Jim Boughton - Dubuque Senior
Take at least 2 to 4 weeks off after both Track and Cross Country, but jog 20 minutes twice a week during off time.
Off-season should be mainly distance running at a comfortable pace.
Our goal is to get in shape to "be in shape" for the first day of practice.
We meet as a team once a week in July and twice a week in August, the athletes run as far as they want to, it's not a structured practice. A boys or girls coach is at the team runs. I talk to kids at the runs and ask them what they're doing on their own, but I do not monitor the summer very closely.
We want experienced runners to start running 4 to 5 days a week in early July (about 20 to 30 miles per week) and to be up to 5 to 6 days a week in August (30 to 45 miles per week).
One day a week over hills, some strides after distance runs.
Some runners have done one day a week of intervals with some success, we may do this next summer.
We have a fitness test the first day of cross country practice which consists of a build-up run of up to 4 miles.
We run together, starting at a slow jog, than pick up speed each lap.
I signal every 100 meters and they adjust their speed.
They stop when they can't keep up.
We use results of this test to choose our varsity for our first meet; knowing they're going to have to this the first day encourages those who intend to run varsity to report for the season in shape.
We encourage involvement in other activities that are fun and will help their conditioning, biking,
swimming, canoeing, rollerblading, weights, etc.
I encourage athletes, especially freshmen, to go out for a winter sport.
Those not out for winter sports are encouraged to run 3 to 5 days a week on their own.
Because of non-contact rules, we cannot be any more specific than this.

 

Scott Conway - Bettendorf
The off season is exactly that off season.
I tell my girls if you are going to be out of shape make sure you're out of shape out of season.
I don't monitor them at all.
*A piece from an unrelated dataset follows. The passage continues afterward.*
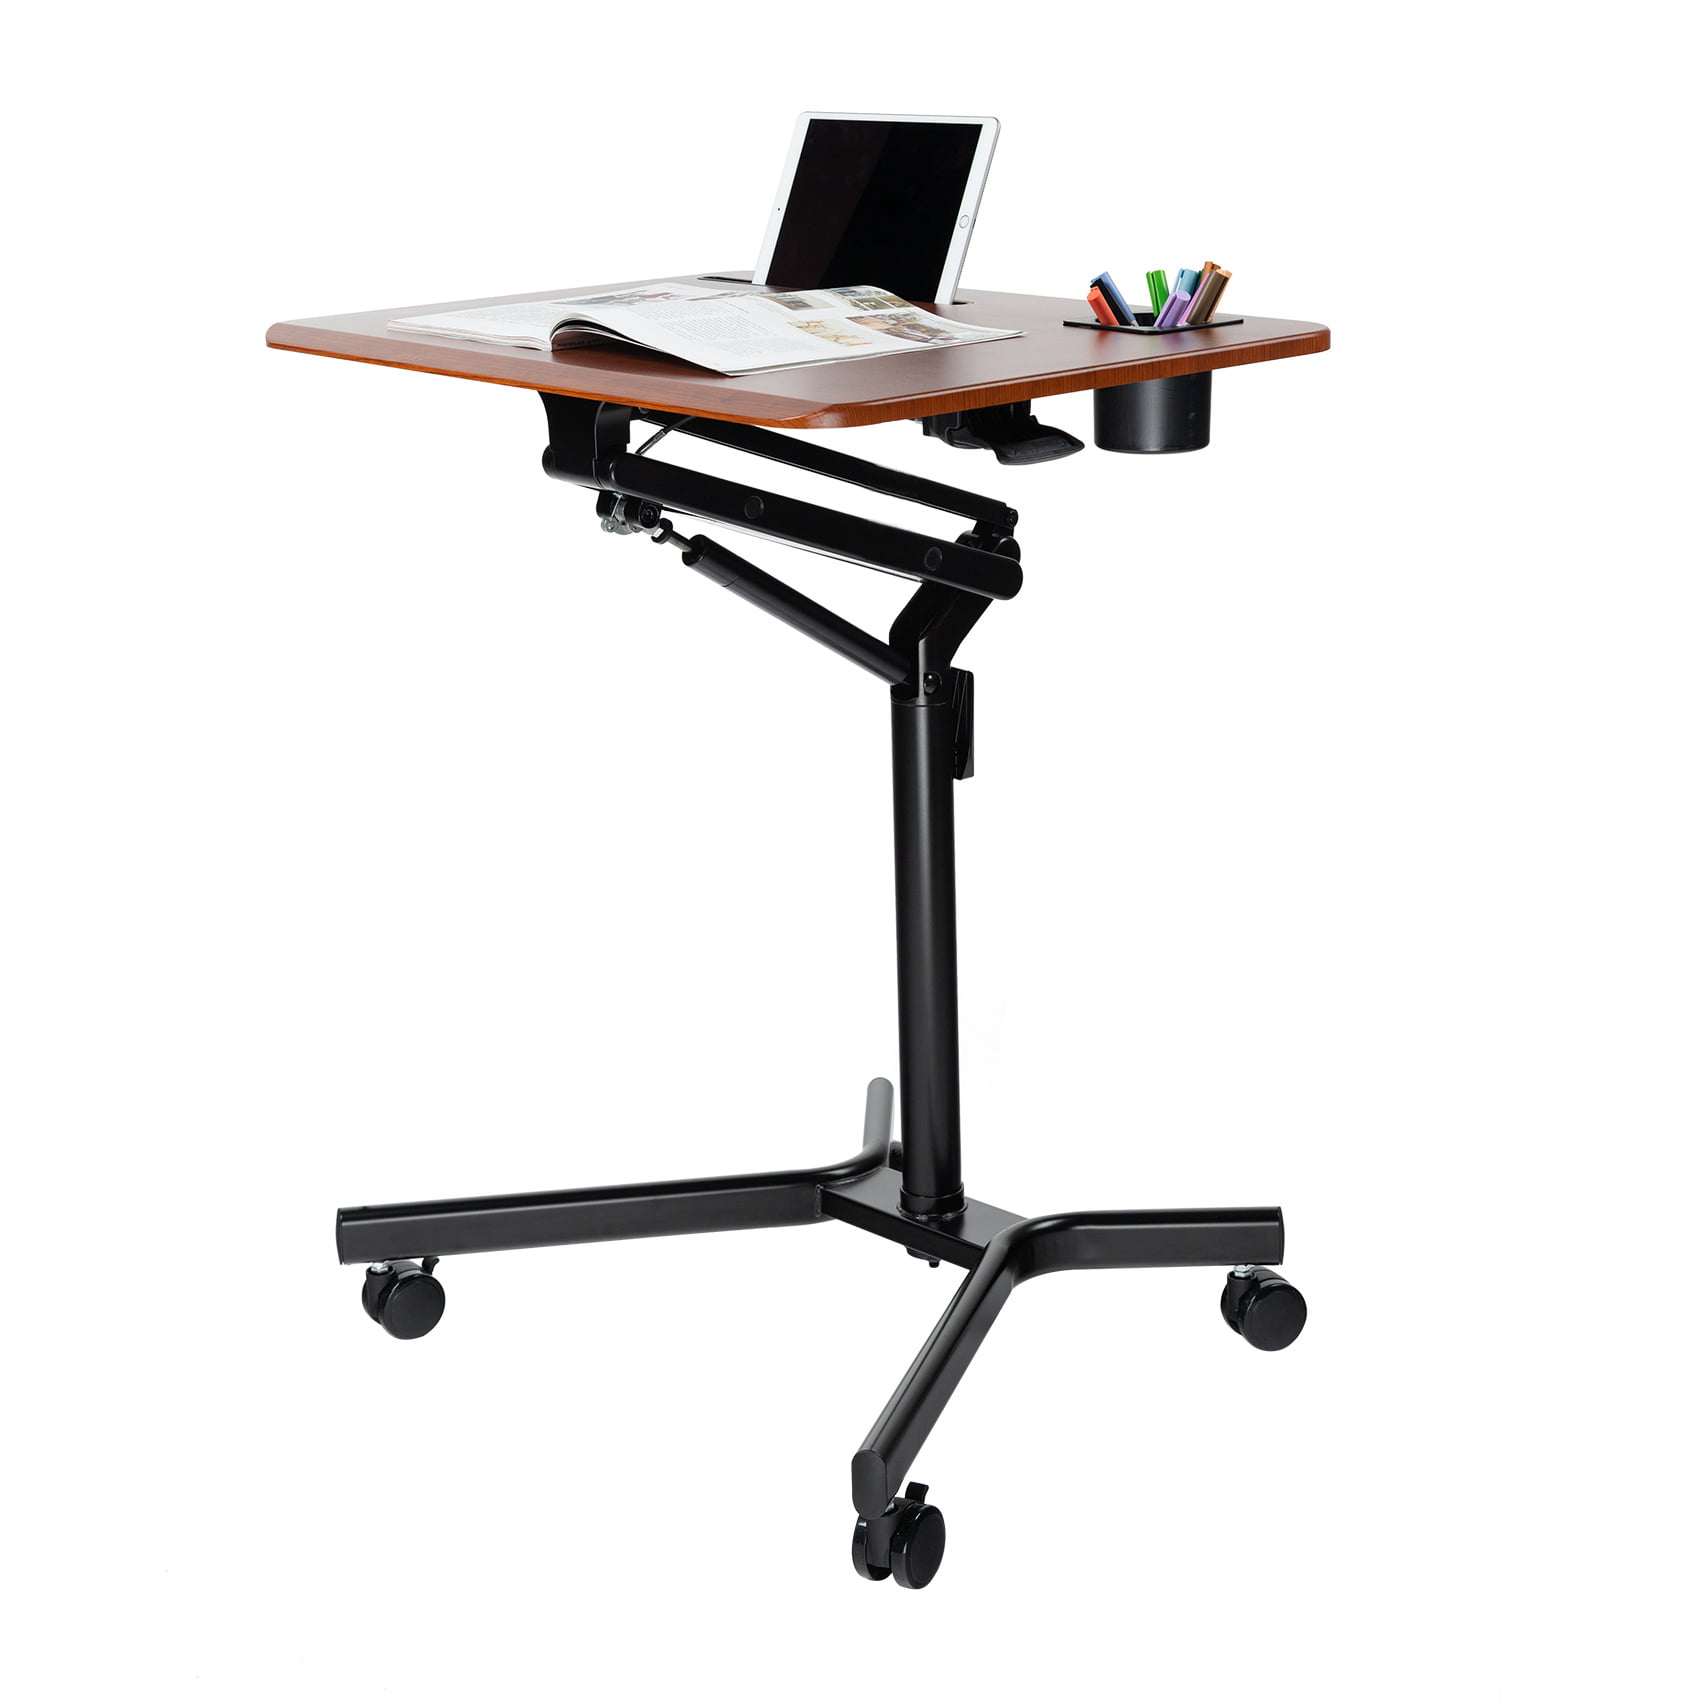 Adjustable Height Desk Laptop Office Home Movable Portable Small Side Cart Table

My only rule is when it's not fun stop.
If it stays fun, run.

 

Kevin Kearney - South Winneshiek
Summer Running:
I encourage consistent running during the summer. I don't believe in high mileage summers, but
I do like to see my kids put in 15 to 25 miles per week - although most probably don't run that
much. I don't "monitor or demand" that they run, but I do ask them to keep some sort of a
training log so I know where we are starting at when the season begins.

 

Timm Lamb - Ft. Madison
We stay basically with long runs - many of athletes are involved in other sports so it makes it
hard to have them do anything.
We like to have them run one long run a week - 6 miles, continue with the hill workouts and hit the weights.
Monitoring in the off season:
We have not monitored our runners in the off season in the past. We provide them with information to monitor themselves through mileage, weights, feelings, time, diet, etc. We have found that the runners and the coaches need that time away from each other. This has created
a much better relationship between athlete and coach. I do see our runners just about everyday at school because I teach at the High School. I am able to keep up on their activities and school work this way. One thing we do is monitor our students academic progress each week during the season and provide the teachers with a means of letting everyone involved know the academic progress.

 

Glenn Daniels - Indianola
What I ask of my athletes off season is to be consistent. Getting in a lot of workouts is better than getting in a few great ones. At the start of the summer I talk with every athlete about where they want to be in the fall, and what it will take to reach that goal. I am fairly relaxed about summers, because I do tell them when the season starts in the fall, we will be starting right in on uptempo, and you better be ready for it.
I only monitor when I see kids around, or if I haven't seen kids in a while. Indianola is a small enough town that if they're out running, I'll either see them, or hear about it. Maybe I'm too laid back, but the kids seem to enjoy this way better, and we've been fairly successful.